Jay Armstrong Johnson is The Pool Boy

I wish he were my pool boy.

There are certain things you can expect to see when you leave the city for a sojourn in the country.  Like stars—you know, actual heavenly bodies, not celebrities—burning in a dark night sky.  Rest assured, the twisty, unlit roads around Barrington Stage in Pittsfield, Massachusetts didn’t disappoint late on a Saturday night as we drove back toward Manhattan.  There were so many stars punctuating the sky that night I was almost shocked.  After living in New York City for almost a decade I’d nearly forgotten how many stars actually exist.

Less guaranteed, however, is the presence of that other kind of star—the human kind.  Sure, Barrington is a big deal, and it can attract real theatrical talent, but that’s no guarantee.  Especially when the show you’re seeing is a brand new, completely original musical—What even? You mean… those exist?!—with a premise of questionable merit.

But this past Saturday evening, we did manage to catch that kind of star on stage—a bonafied Theater Star.  Because if that performance of Pool Boy was anything at all, it was an assurance that Jay Armstrong Johnson is, in fact, a star.

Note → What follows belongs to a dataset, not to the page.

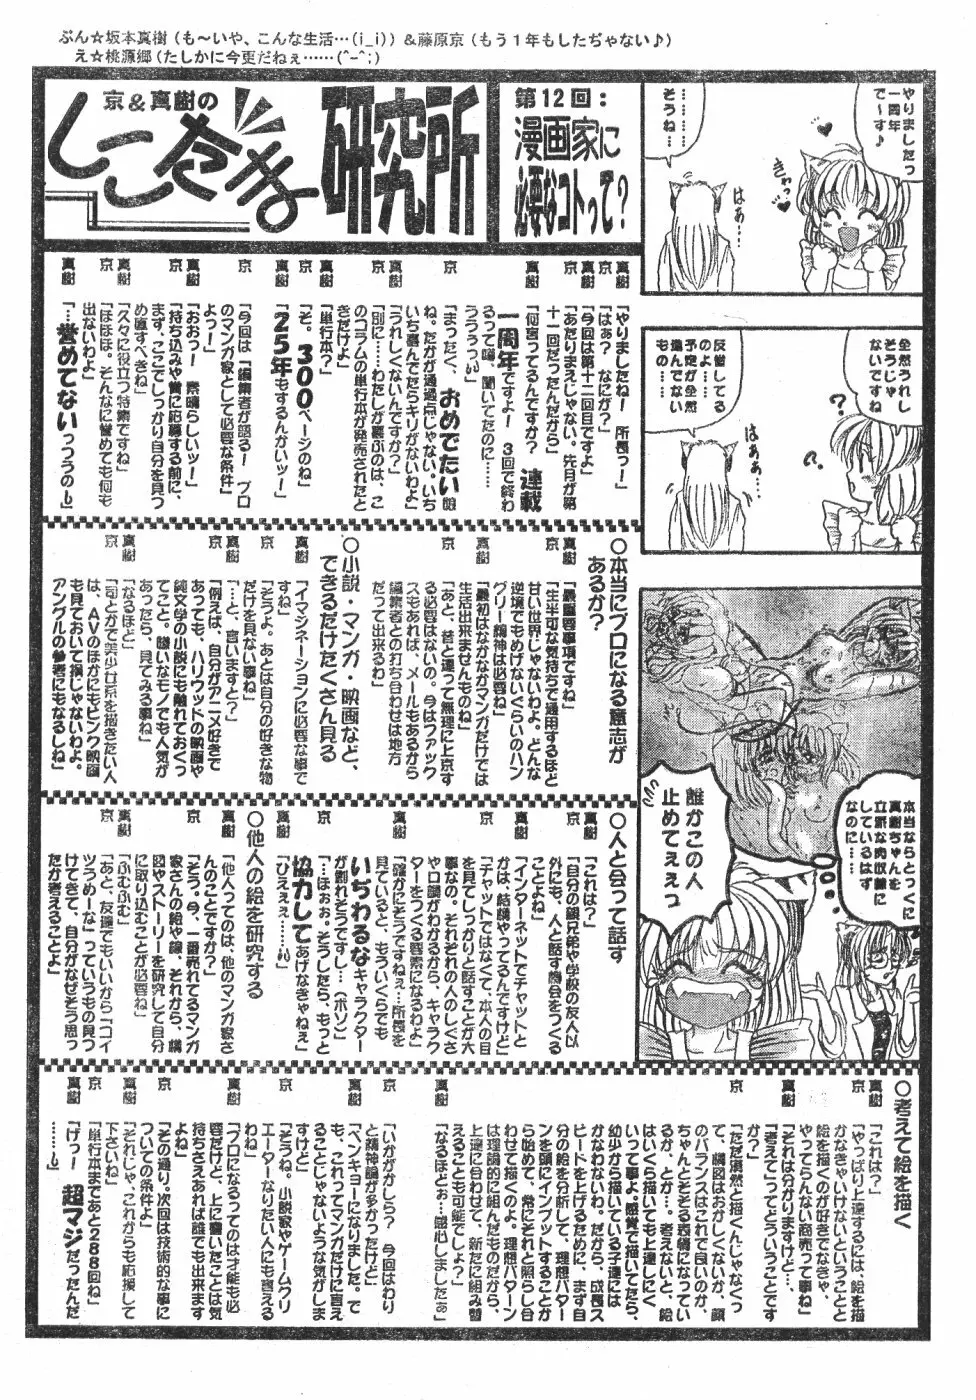 Men’s Dolphin Vol 12 2000-08-01 197ページ

Pool Boy was fun.  I still don’t know if it’s got a very long life ahead of it, or if the story is really that compelling.  But.  There were at least a handful of good songs—I particularly loved one where Johnson and his co-star/love-interest, played by Cortney Wolfson, sang about watching each other from afar—and the jokes were funny enough to get even the really old folks around us laughing. Despite my doubts, I actually enjoyed myself for all 2+ hours of that production.  Which is more than I can say for some of the things on Broadway right now.  Like, you know, Memphis.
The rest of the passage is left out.